Michael Hayes, president of Coyote Point Systems (http://www.coyotepoint.com/), says:

There is an ongoing debate in the networking industry: What do you call a device that sits in front of servers to ensure high availability and accelerate traffic like the Coyote Point Equalizer? Oddly enough, the answer isn’t straightforward.

If you ask most anyone in the data center they’d call it a server load balancer, or load balancer for short. However, if you ask an industry analyst (and some vendors), they’d use the term application delivery controller or ADC. So which is it?

If you use the term “load balancer”, anyone from a server administrator to network administrator to application developer, they will likely know what you mean. They know it means some sort of appliance device that sits in front of a group of servers and distributes inbound traffic. They may even know some of the more sophisticated functions these devices can provide, such as SSL acceleration and URL parsing. They may not know the ins and outs, but typically they’ll have a pretty good idea of what a load balancer entails. Since load balancers are used in front of virtually every website, they’ve probably worked with one or at least worked in an environment where one is employed.

There are some that believe (with valid reasoning) that load balancer is an outdated term, that the current generation of devices available from Coyote Point and other vendors go beyond the load balancers that appeared in the late 1990s (Coyote Point is one of the first vendors). Where as the devices from the late ‘90s were basic Layer 4 devices, today’s devices can perform all manner of Layer 7 functionality, SSL acceleration, integrate with virtual environments, and more.

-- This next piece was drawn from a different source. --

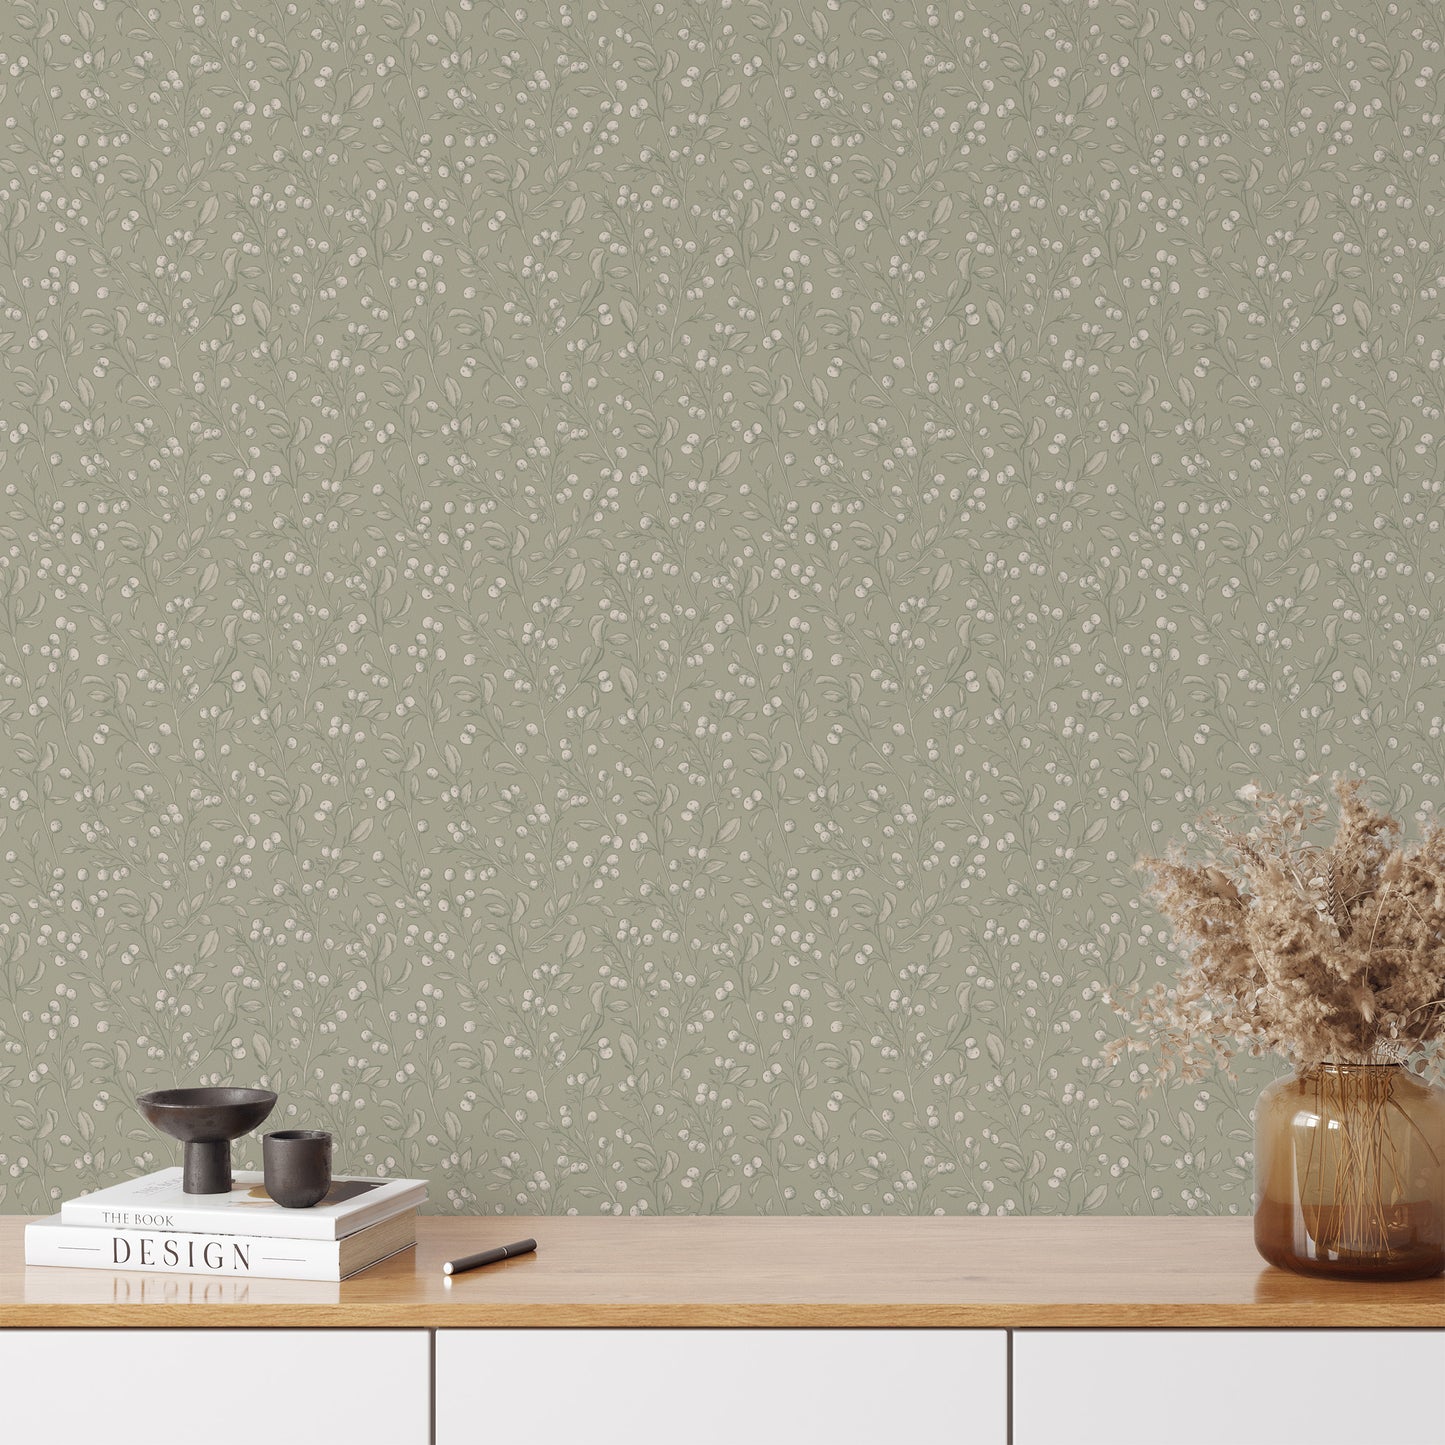 Mockup of our Berries Wallpaper in Dry Sage is a peel and stick, removable wallpaper with hand-drawn sketched berries in dry sage and white by artist Mariah Cottrell.
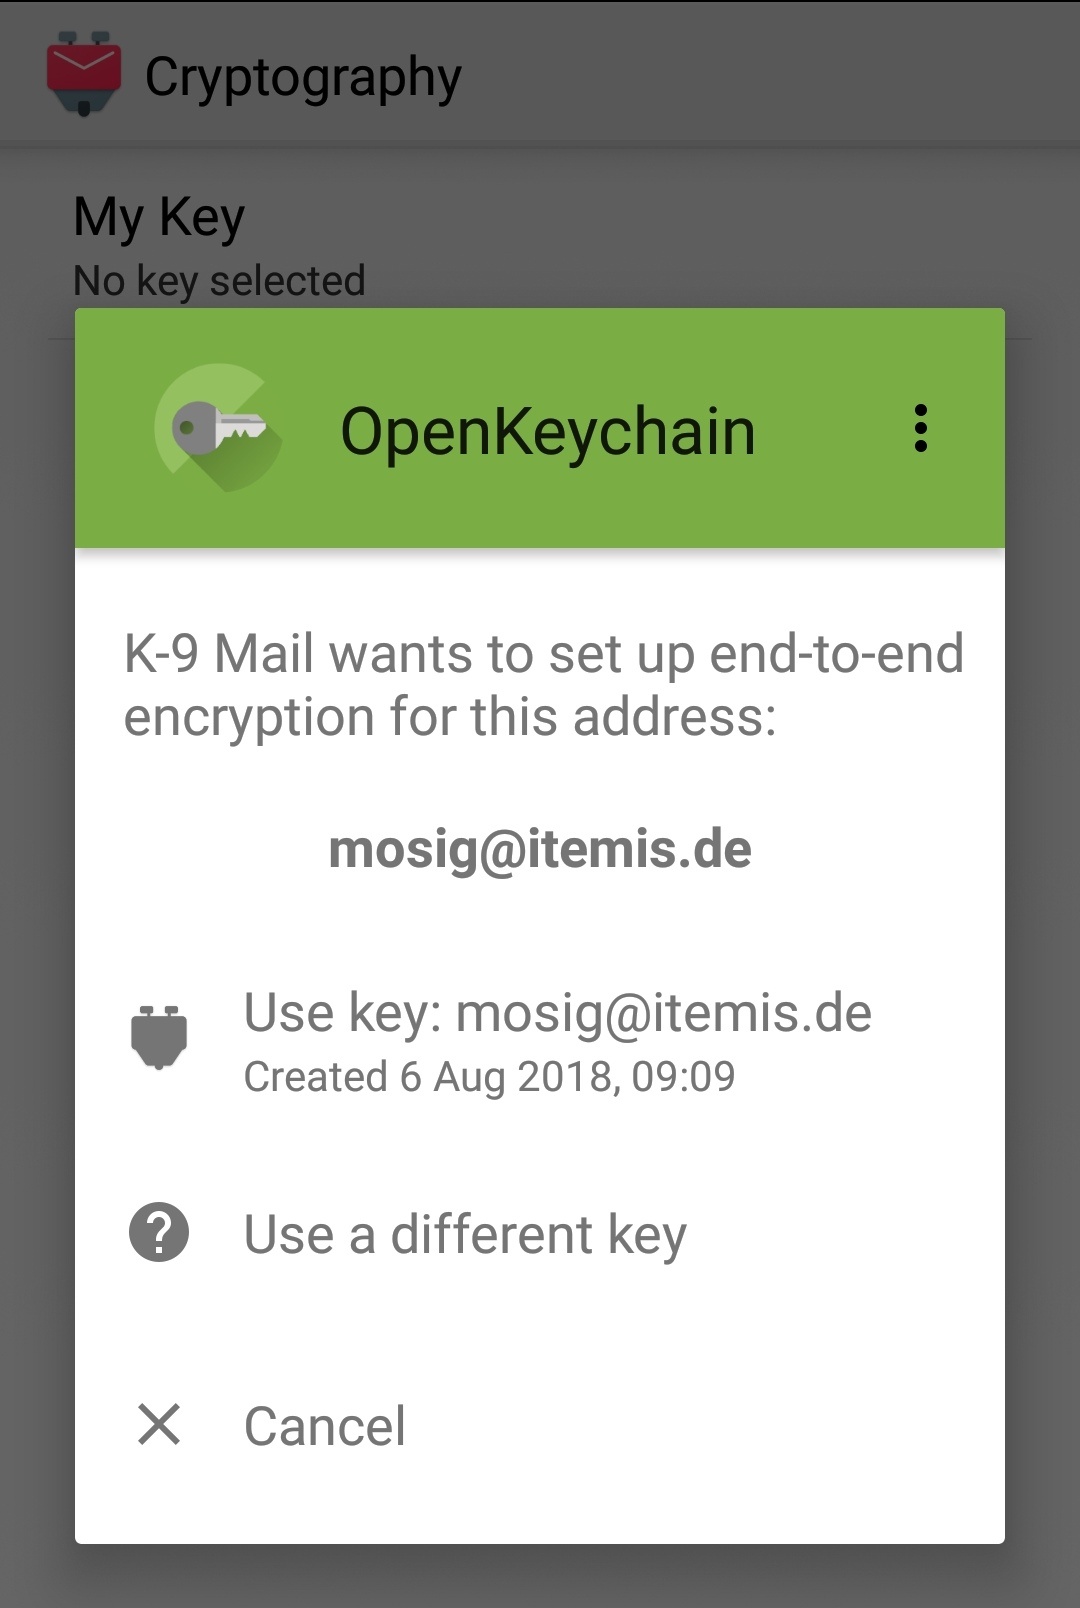 K-9 Mail  – selection of private key for the e-mail account

There are others who prefer the older term load balancer. They would argue that the term application delivery controller isn’t widely known and can cause confusion in the data center as well as the marketplace. The devices of today, while far more advanced than those that came out 15 years ago, are a natural evolution of the products and still serve the basic functions (i.e. load balancing).

Certainly the term load balancer is more popular, and chances are if searched on Google it was for the term “load balancer” and not “ADC.” But ADC perhaps more accurately reflects the capabilities of our Equalizer line.

Which leads us to a conundrum: Do you call the Coyote Point Equalizer a load balancer or an application delivery controller? The name isn’t as important as the features and benefits provided. So the industry calls them both a load balancer and an ADC. No one will correct you if you use one term or the other, and vendors’ literature will often reflect both terms. Coyote Point believes that this terminology is an area where reasonable people can disagree, and the introduction of our new enterprise-class EQ/OS 10 platform architecture blurs the distinction between load balancer and application delivery controller even further.

At the end of the day it is obvious that people use the terms interchangeably. What the customer must really look at is how the technology contributes to their requirements for delivering applications. Whether you’re looking for an application delivery controller, a load balancer or simply a solution to ensure that your website is always available and responsive, Coyote Point delivers.